> SUPPLIED RECORDS

_ _ _ _ _

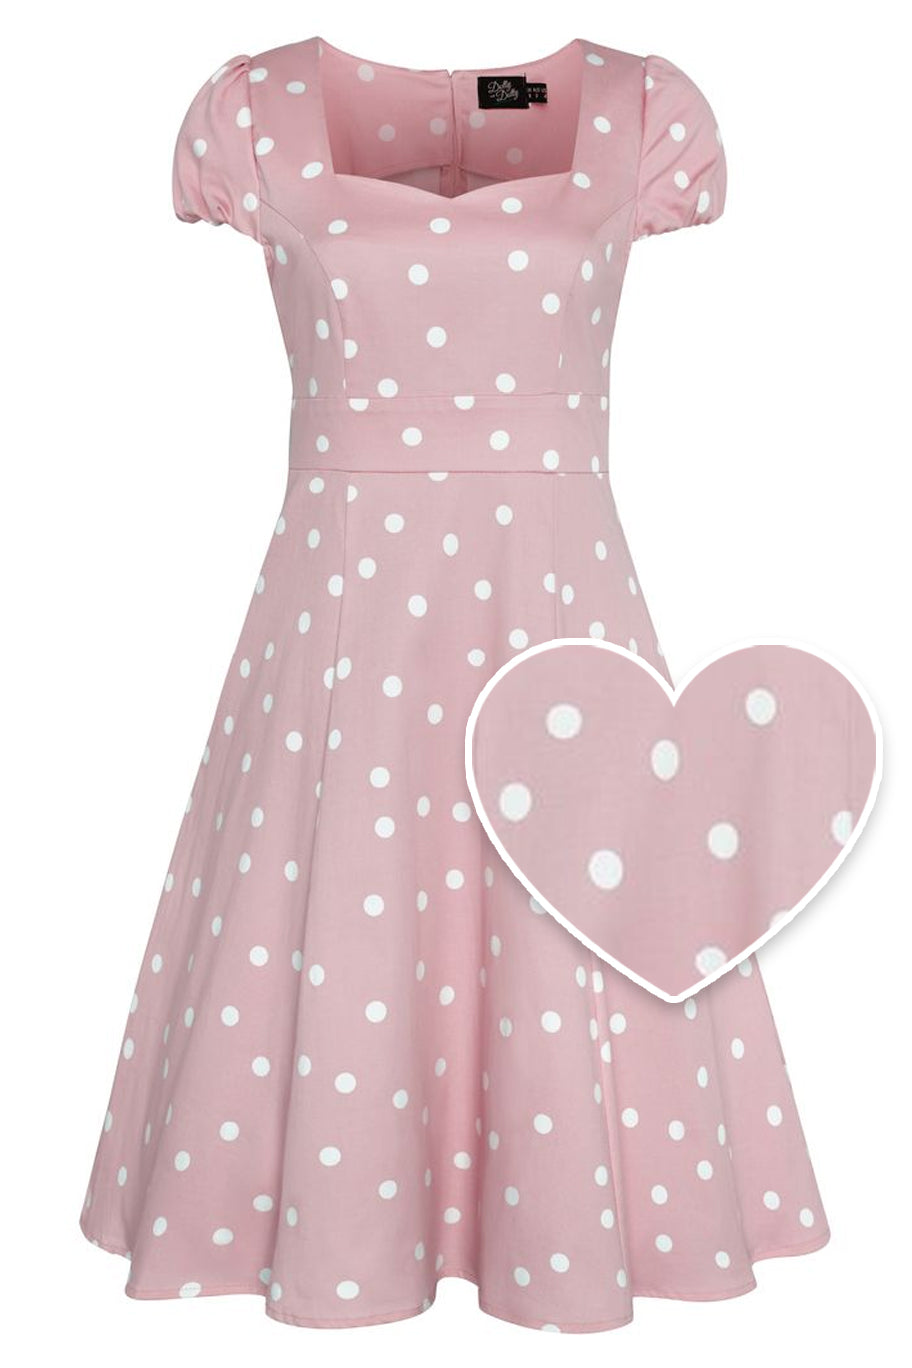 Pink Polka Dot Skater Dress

_ _ _ _ _

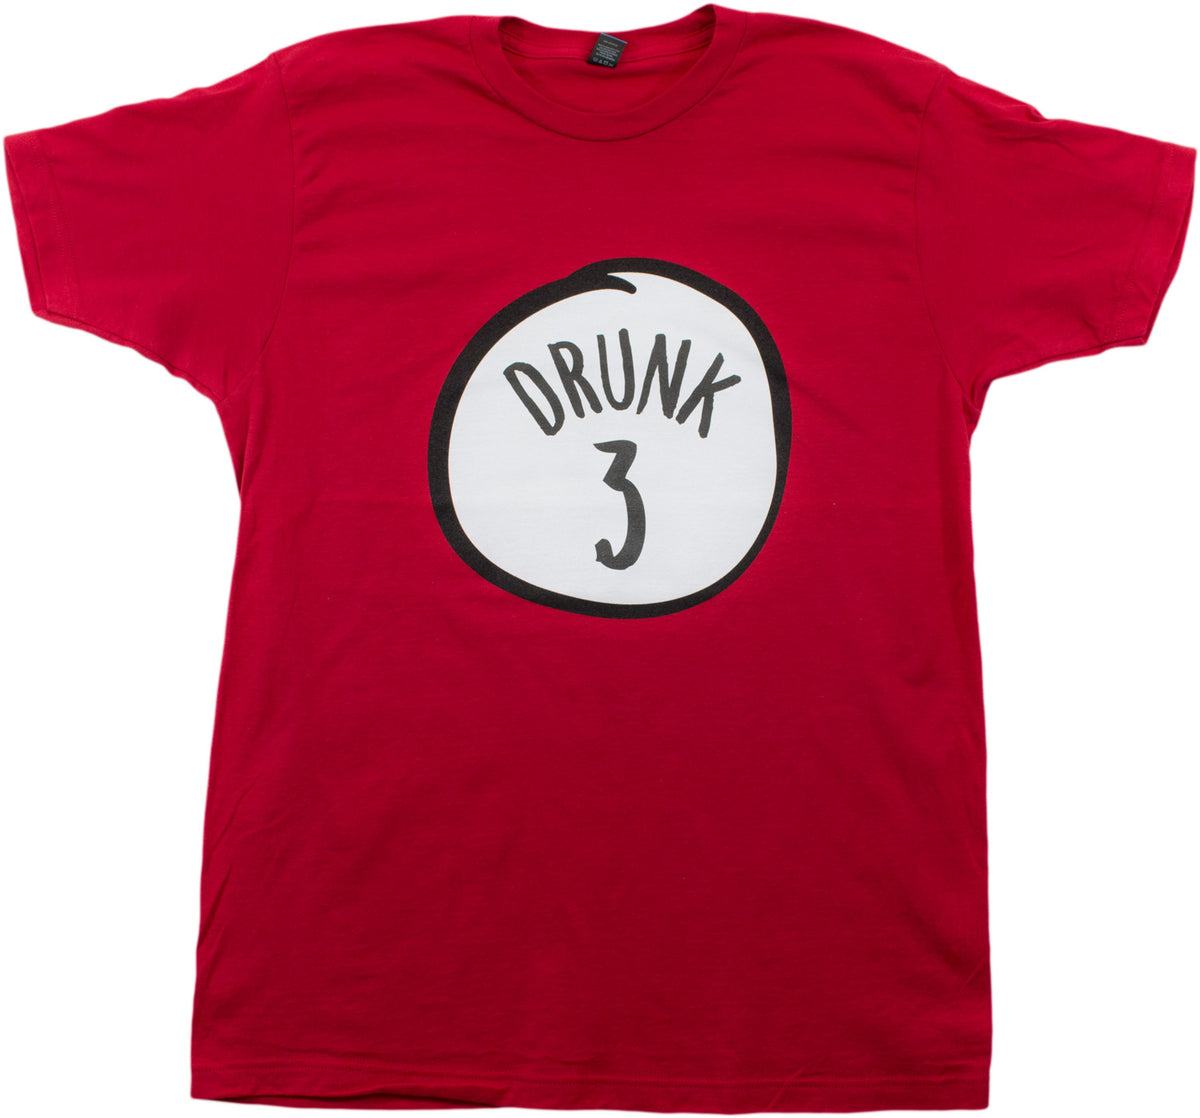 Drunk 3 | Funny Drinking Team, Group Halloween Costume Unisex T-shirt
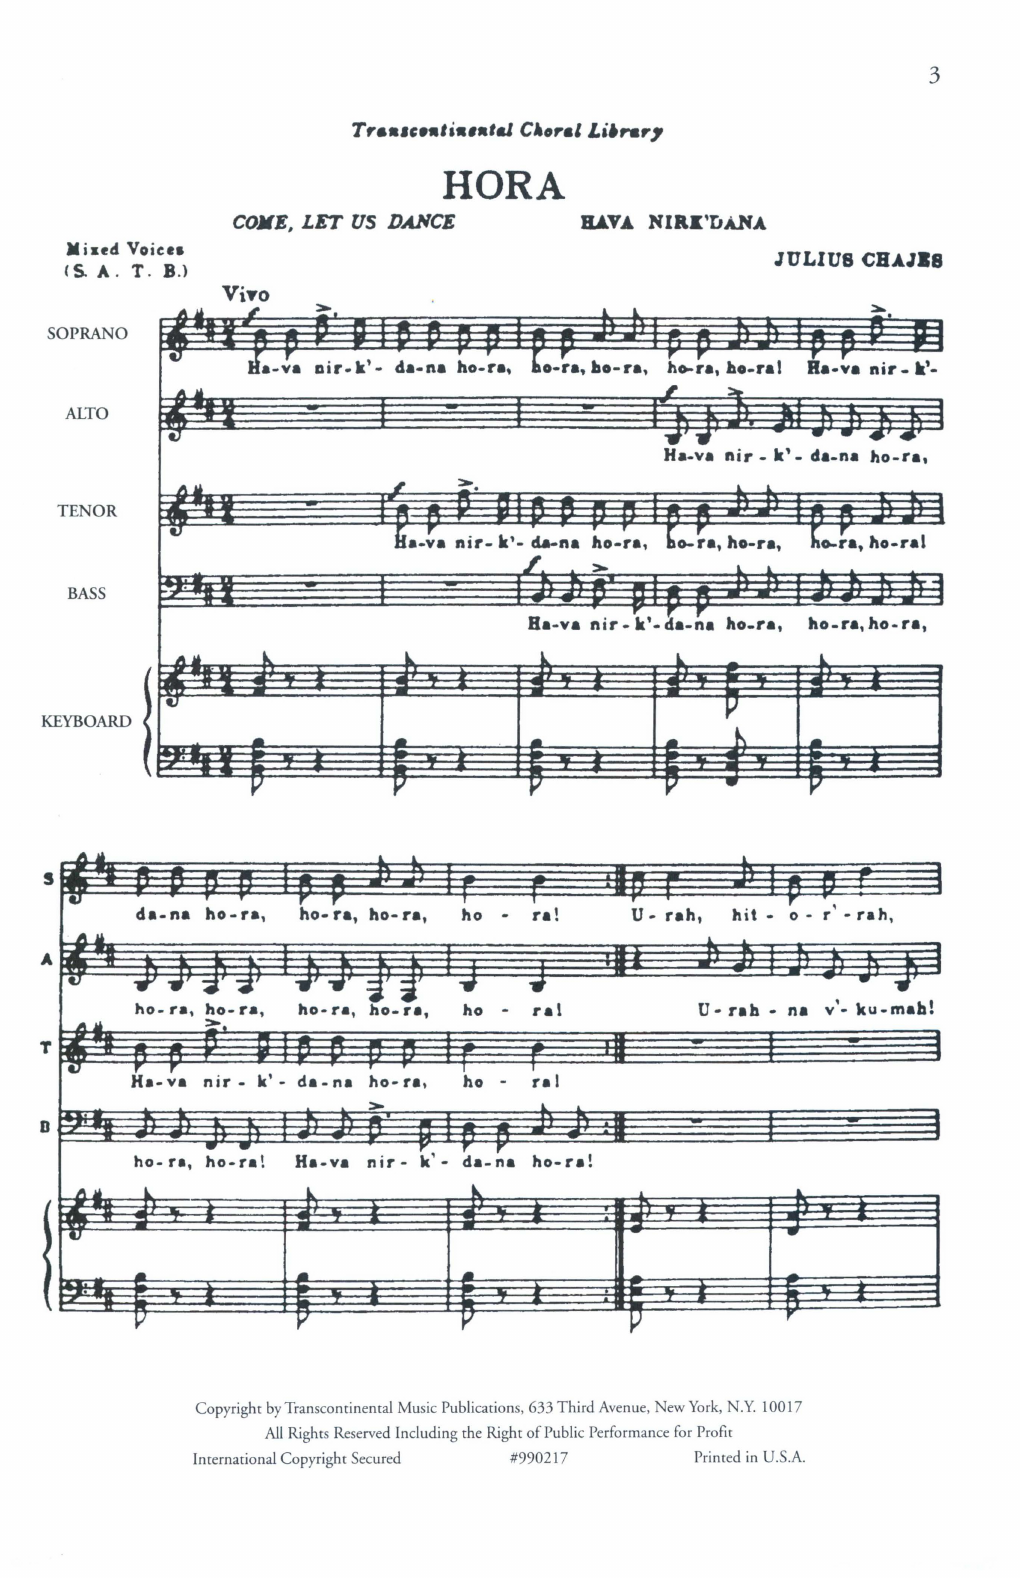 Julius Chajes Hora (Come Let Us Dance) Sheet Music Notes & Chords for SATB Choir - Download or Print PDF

_ _ _ _ _

> TASK TO CARRY OUT
Above are records; write out the lines from the one with "Drunk 3 | Funny" down to the one with "Julius Chajes Hora", exactly, leaving the pictures out.

> TASK SOLUTION
 Drunk 3 | Funny Drinking Team, Group Halloween Costume Unisex T-shirt
 Julius Chajes Hora (Come Let Us Dance) Sheet Music Notes & Chords for SATB Choir - Download or Print PDF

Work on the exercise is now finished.